Every once in a while when I am in the doldrums I take
out my Charles Ives records and play them. They almost sound normal perhaps
because of numerous playings through the years.
At my age 74 it is very comfortable to read my beloved
mystery writers like Andrea Camilleri, Donna Leon, or the-easy-now-after-repeated readings of the poems of
Emily Dickinson. I can say the same about the
stories and poems of
Jorge Luís Borges.
But knowing I am in this easy doldrums I have been
tackling the more difficult
Julio Cortázar.
Also at my age it is comfortable to stay home and watch
Rachel Maddow on MSNBC with my Rosemary while eating healthy food that I have
prepared for the both of us. It is as pleasant as waking up on our Stickley bed
and bringing up our breakfast tray with our NY Times and Vancouver Sun. This
easy routine is that, easy, and it feels good. But at the same time I know
there is more to this as Peggy Lee put it, “Is this all there is?”
I have written often how those who go to the Vancouver
Symphony programs usually avoid the more avant-garde Turning Point Ensemble or
the paradoxical experience of witnessing Early Music Vancouver celebrations of
the “new music” of 17th century composers.
I have written how those who go to Ballet BC will not
also attend Contact Improvisational Dance at the Western Front or try the many
very good modern dance companies of our city.
There is a lot of edgy stuff in our city by the edge of
the sea that is not reported by our fading mainstream media.
When Paul Grant the stellar CBC arts reporter for CBC
Radio retired a few years ago his position was not filled. There is hole in
that radio station where culture should be flourishing.
But there are a few bastions in this city of ours of
stuff the push thee boundaries of the expected, the comfortable, the usual and somehow
lure us out of that everyday comfort.
One such bastion is the
Turning Point Ensemble which is
made up of musicians (well known ones) who as part of other musical orchestras
have gotten bored with the daily faire.
Another is our East Vancouver Cultural Centre or the
Cultch as it is affectionately called.
For many years as I have noted
here, the Cultch made it de
rigueur to offer one performance work per year that had complete nudity. In our
formerly Scottish Presbyterian influenced city this was verboten. But slowly
and surely the Cultch prevailed and nudity was no longer seen as something to
harp about.
The Cultch - How to be Edgy
It was a combination of complete nudity, some shouting,
various references to fellatio (look it up) and a good deal of scatological
language that may have offended or shocked the audience at last night’s full
(perhaps over-sold performance) of Cristian Ceresoli’s La Merde performed by Silvia
Gallerano in pretty good English.
My Rosemary was serious but I was laughing. Perhaps this
is because for close to 8 years in my boyhood Buenos Aires our neighbours
were Italians from Calabria who always
dined on their patio.
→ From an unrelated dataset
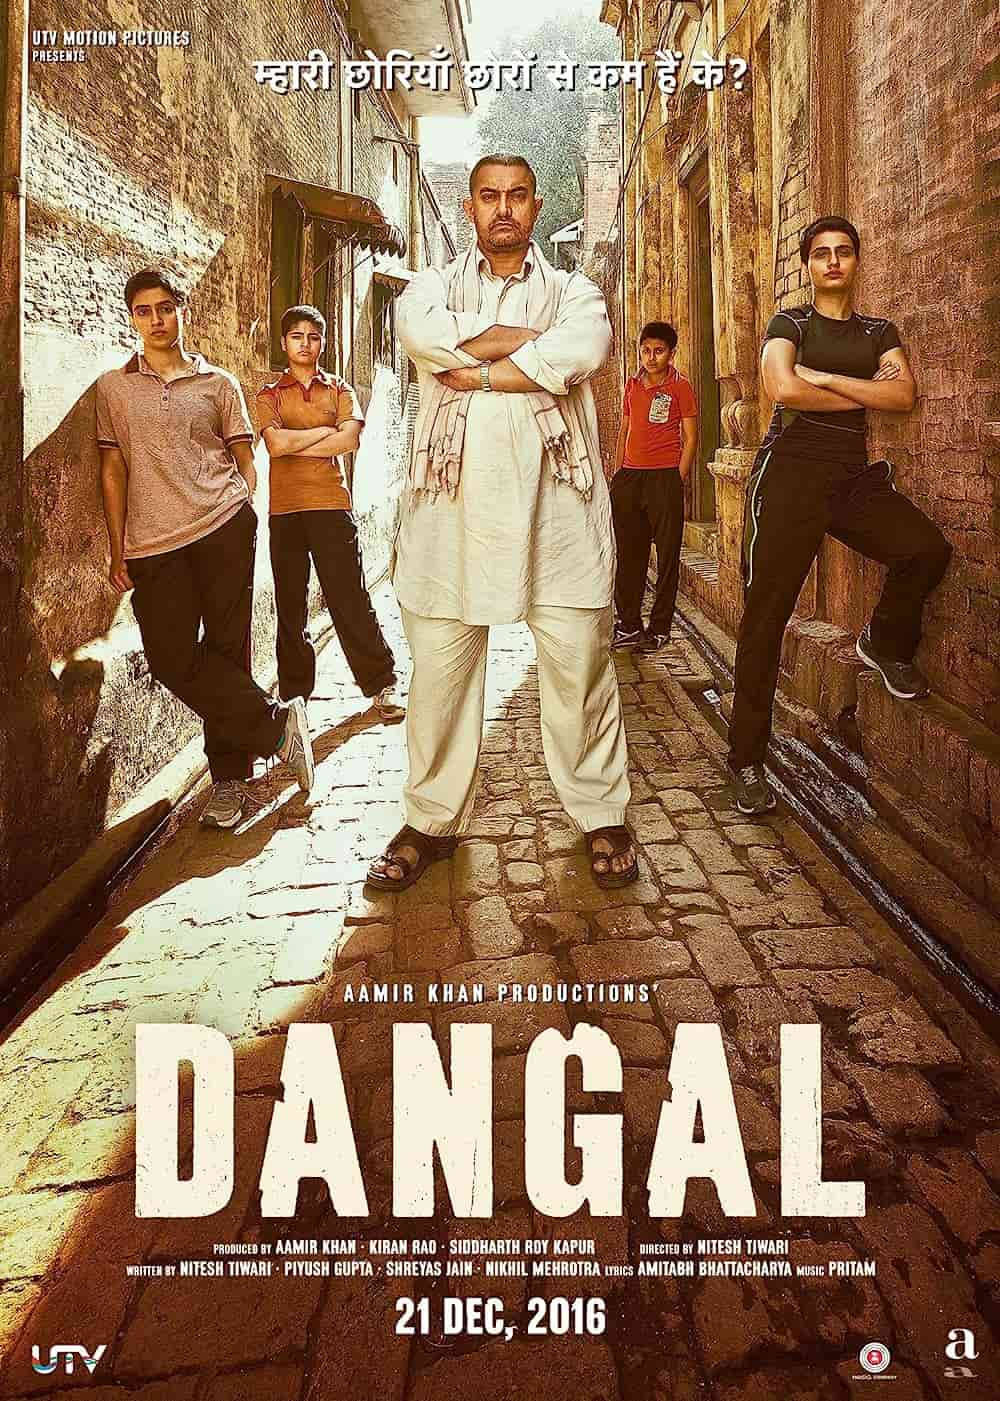 Must Watch Bollywood Movie: Dangal

They had fights and it seemed that whispering anything
was out of the question. They were plain noisy. The patriarch of the family was
the neighbourhood barber. He would cut my hair while discussing that weekends
football games. He would gesticulate to the point I thought he might slice off
portions of my face! His son, Miguelito was one of my two best friends as was
Jewish Mario.
Gesticularion, shouting, passion, not keeping it inside
is a trait that all Argentines (and I am a former one) share with Italians. We
are warm and express ourselves readily. Gallerano's repeated foul language could never have offended my ear. In Spanish and Italian (most similar in how they and we swear) there is a more varied and truly edgy offensive
language of the insult. The premier one in my Argentine Spanish (which I will not translate is aggresive and all about motherly suggestions):
¡Vete a coger a la puta madre que the parió!
Not long after we arrived in Vancouver in 1975 we were
invited for after-dinner-drinks. Even my staunchly Canadian wife (New Dublin,
Ontario) did not know what that was. I still feel alienated in this rainy, gray
Vancouver so full of people who do not gesticulate!
So it was that last night I felt much at home as Silvia
Gallerano (she is surprisingly short but her thighs are not big, and you must
see La Merde to understand what I mean!) performed with microphone in hand on a
tall platform while not wearing a stitch except for perhaps a couple of rubber bands
for her two very cute buns on top of her head.
To fully understand La Merda one has to know a bit about
the political chaos of Italy that has been its tragedy since its inception as a
country in the 19th century. The only big and less dangerous
difference between the not-yet-forgotten Silvio Berlusconi and the US’s
President Trump is that Berlusconi never had a nuclear red button to press. But
corruption and patronage (read any of the books by Michael Dibdin) that feature
Aurelio Zen, a Venetian cop or Andrea Camilleri’s Sicilian cop,Salvo
Montalbano) to understand what all that shit that Silvia Gallerano was talking
and shouting about.
Particularly prescient was the big theme of La Merda on
what a woman has to do in order to “make it” in the world of men. Between Trump’s
groping and what is still ailing Fox News, and not to mention our very own Jian
Ghomeshi what we heard from Gallerano. was an uncomfortable truth of society I our
21st century.
One the one hour show was finished the silence in the room
was palpable. People might have been shocked. But I insist in recording here
that thanks to the Cultch and to whoever selects the stuff that is offered, we
in this Vancouver of complacency need to be kicked in the butt.
Last night Silvia Gallerano did a lot of that.
The Cultch A Bastion of Edgy Culture
Addendum: It was pleasant after all the shock of that intense performance to meet (very short) Silvia Gallerano and her partner the writer of the work, Cristian Ceresoli. They were (I thought) uncharacteristically soft-spoken as we conversed in their very good Spanish. But there is one statement by Gallerano that troubled me when I pointed out that few in the audience may have known of all the travails of her country. She said,"Many in my own country have forgotten." It would seem that the pair will have to keep performing the play (as they have in several languages all over the world) to keep the world, the forgetful world, on it toes.